Les deux actionnaires reviennent aussi sur le chiffre d’affaires de 2019, la valorisation de l’entreprise en nous précisant que les documents ont été oubliés... "Je n'ai pas là les factures mais je pourrais vous les montrer, argue Sylvain Bertrand. Il y a des factures qui correspondent à ce qui a été fait. Et personne ne va payer une facture si on n’a pas fait le job derrière". Concernant la valorisation, il reprend : "je ne réussirai pas à vous faire changer d’avis car vous pensez que la valorisation est posée sur du sable. Et quand vous faites un article avec une porte et du sable (illustration de la première partie de l’enquête), ça dézingue la société. C’est évidemment négatif et nous, on rame derrière", assène-t-il.

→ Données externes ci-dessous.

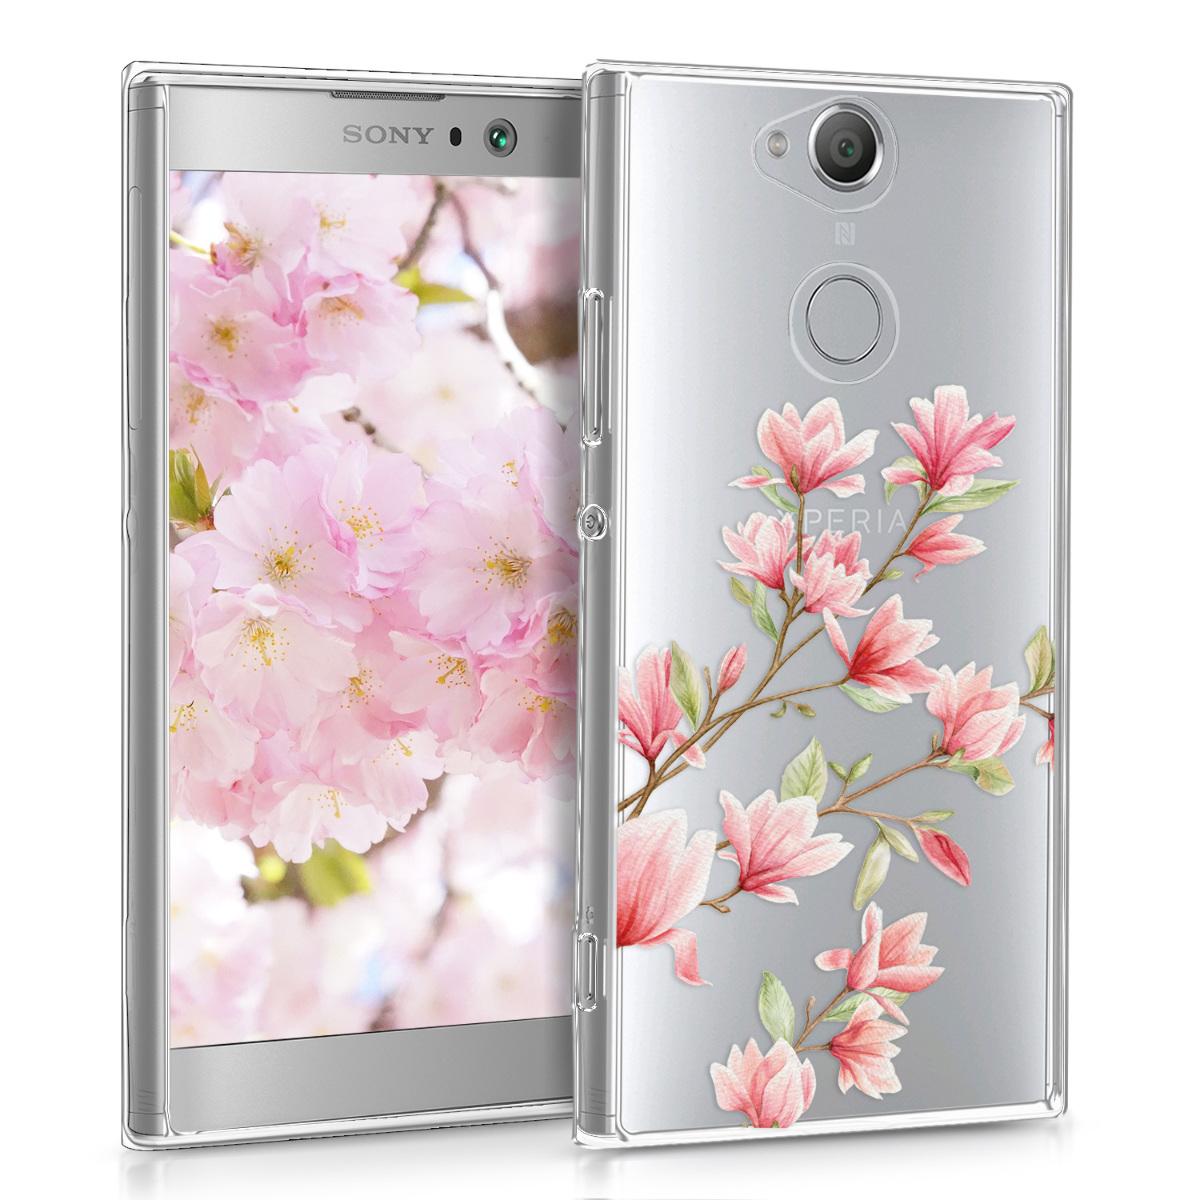 KW Θήκη Σιλικόνης Sony Xperia XA2 - Διάφανη- Σχέδιο λουλουδιών (44297.07)

Quant à l’utilisation de la presse au profit de l’entreprise, évitant toutes questions qui dérangent, les deux actionnaires ne s’en défendent pas. "Au départ, il y a eu des consignes de dire "on ne parle pas", explique Sylvain Bertrand. Maintenant, j’ai pris l’initiative de venir vous voir en disant : il faut que l’on éclaircisse les choses et que l’on vous fasse part de notre souhait de développer cette société sans regarder le passé.  Il y a eu de la communication. Il y a eu l’utilisation des médias. Nous, on arrive dans un contexte où on remet tout en ordre et on prépare l’avenir. Maintenant, l’objectif est de regarder droit devant. L’agence Havas (avec qui InnovHealth avait signé un contrat pour sa communication en novembre 2020) n’a pas fait son travail. C’est pour cela que nous ne travaillons plus avec eux. Havas avait dit "on ne communique pas avec Isabelle Forboteaux, avec France3". C’était une vraie erreur".

Enfin, comment ne pas terminer cette enquête sur son personnage central, Adnan El Bakri. "Né au nord du Liban dans un petit village à côté de Tripoli, au sein d’une famille modeste et arrivé en France à l’âge de 17 ans, sans argent, avec seulement une valise et des ambitions, Adnan El Bakri est naturalisé français au mérite par le Président de la République François Hollande". Sur son site, il explique ainsi son parcours. "La France m'a accueilli et m'a donné une chance et en partant de rien je me suis créé les moyens. Mon entreprise est valorisée à ce jour 30 millions d'euros, je suis fier de ce que j'ai fait. J’ai envie de laisser une trace dans ce monde"

La belle histoire deviendra-t-elle réalité ? Cette entreprise qu'Adnan El Bakri porte si haut sera-t-elle un jour, non pas sous les feux des projecteurs médiatiques, mais bien en haut de l'économie mondiale comme il l'espère ?

Beaucoup de choses restent encore à écrire.